The high-pressure water generator 12 includes, for example, a high-pressure pump and a motor. The high-pressure water generator 12 pressurizes water supplied from the outside, and has a high pressure of, for example, 600 to 700 bar (1 bar = about 1.02 kgf / cm ² ). Can generate and supply water. The water supplied from the outside is, for example, tap water, but is not limited to this example, and may be pure water or the like. The high-pressure water generated by the high-pressure water generator 12 is supplied to the abrasive mixing device 14 through the high-pressure water pipe.

  The abrasive mixing device 14 mixes abrasives (abrasive grains) at a predetermined ratio with the high-pressure water supplied from the high-pressure water generator 14. This abrasive is a granular material of, for example, about several tens of microns made of a high-hardness material such as garnet, diamond, or alumina, and contributes to increasing the cutting efficiency of high-pressure water.
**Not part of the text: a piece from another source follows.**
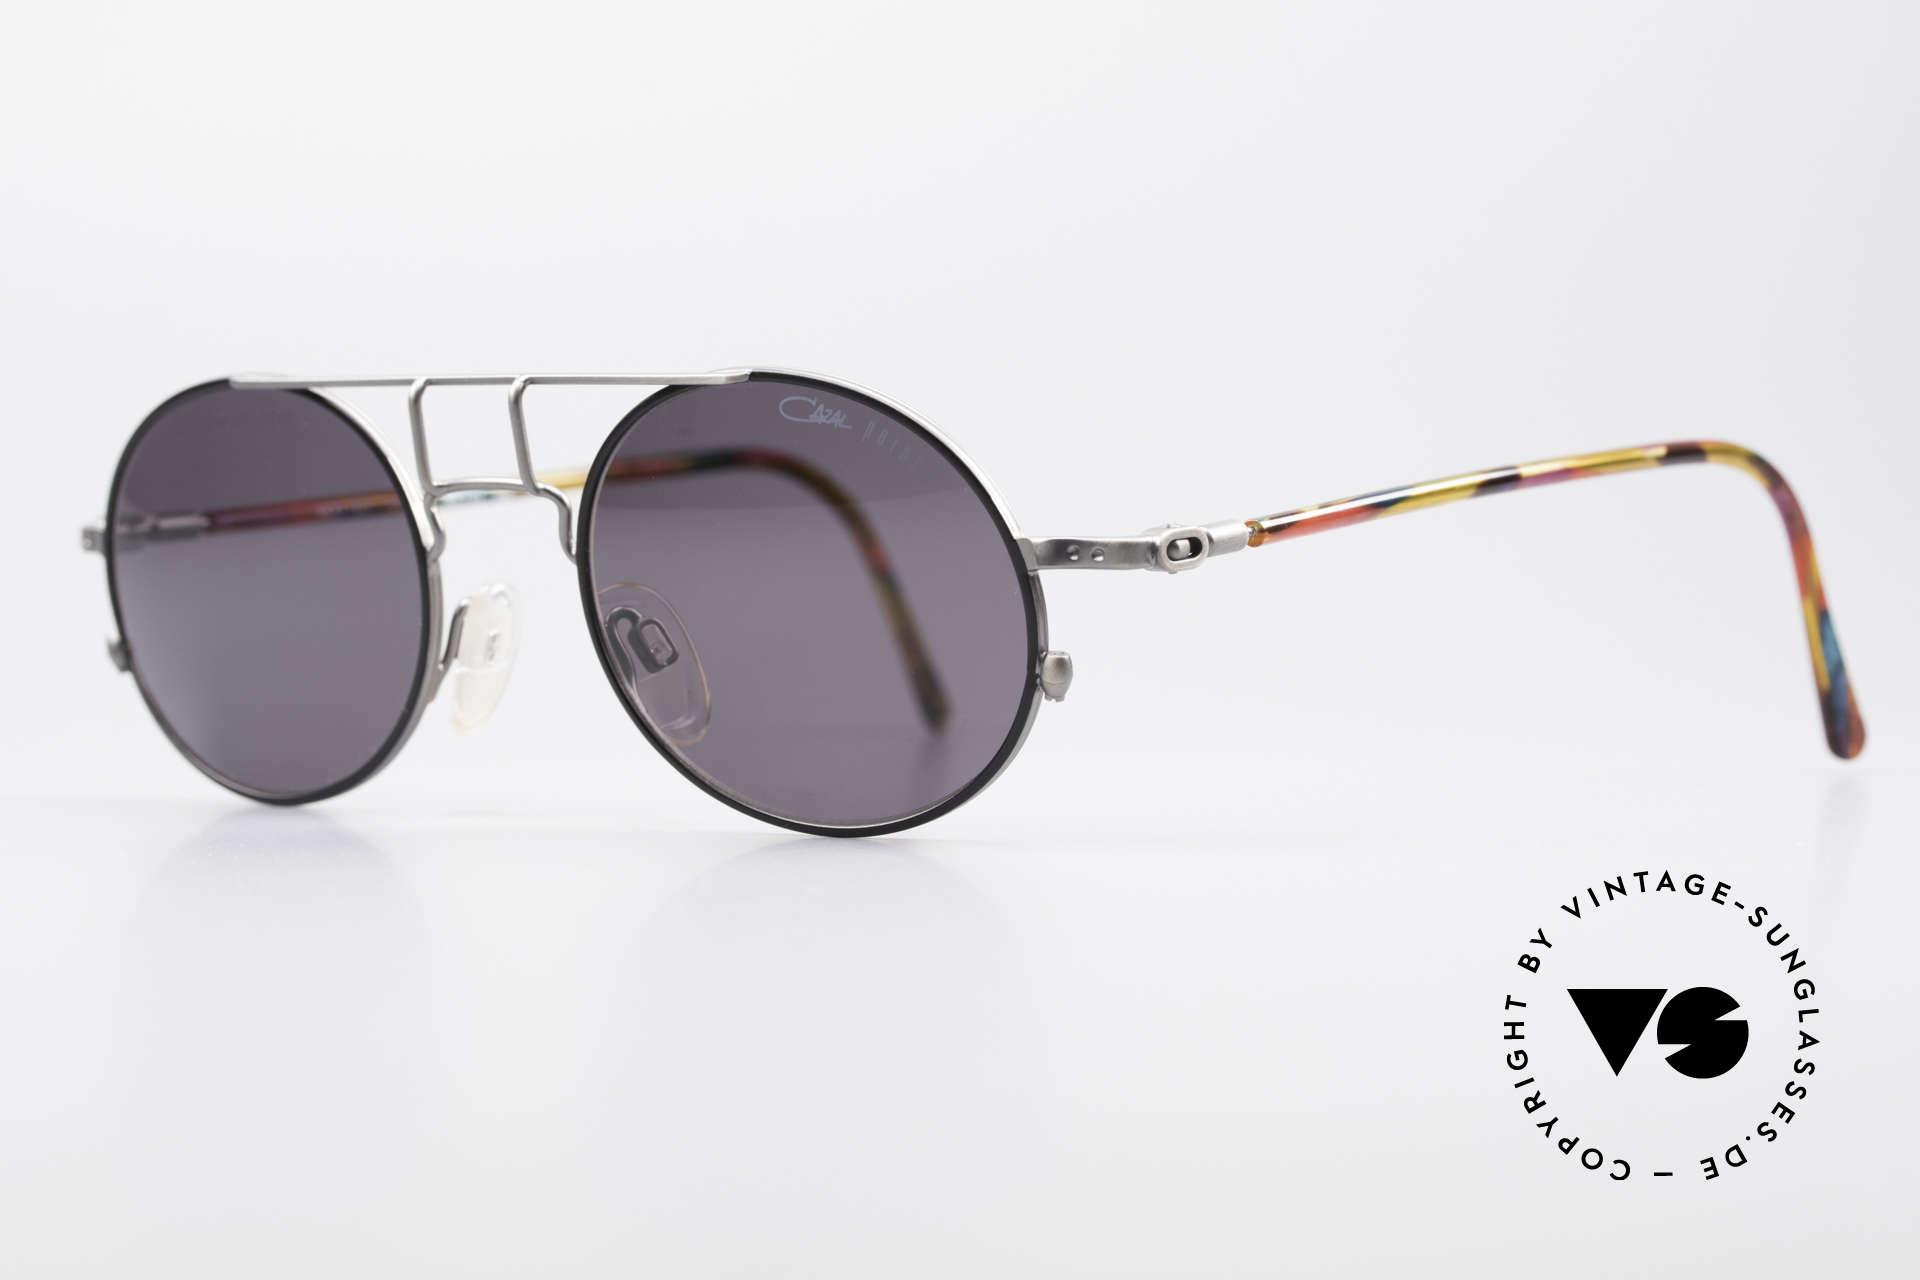 Cazal 1201 - Point 2 90er Industrial Sonnenbrille, fühlbare Spitzen-Verarbeitungsqualität (aus Germany), Passend für Herren

In this embodiment, for example, 40-100 μm alumina oxide is used as the abrasive. The high-pressure water containing such an abrasive is supplied to the injection nozzle 16 via a high-pressure pipe.

  A more specific configuration of the abrasive mixing device 14 will be described. The abrasive mixing device 14 can be composed of, for example, two mixing storage tanks (not shown) and a tank switching device (not shown). The mixed storage tank is a tank for storing water mixed with abrasives. The high-pressure water is supplied from the high-pressure water generator 12 and the abrasives are supplied from an abrasive recovery device 44 described later. The tank switching device is a switching valve or the like for communicating any one of the two mixed storage tanks with the high-pressure water generator 12 and the injection nozzle 16.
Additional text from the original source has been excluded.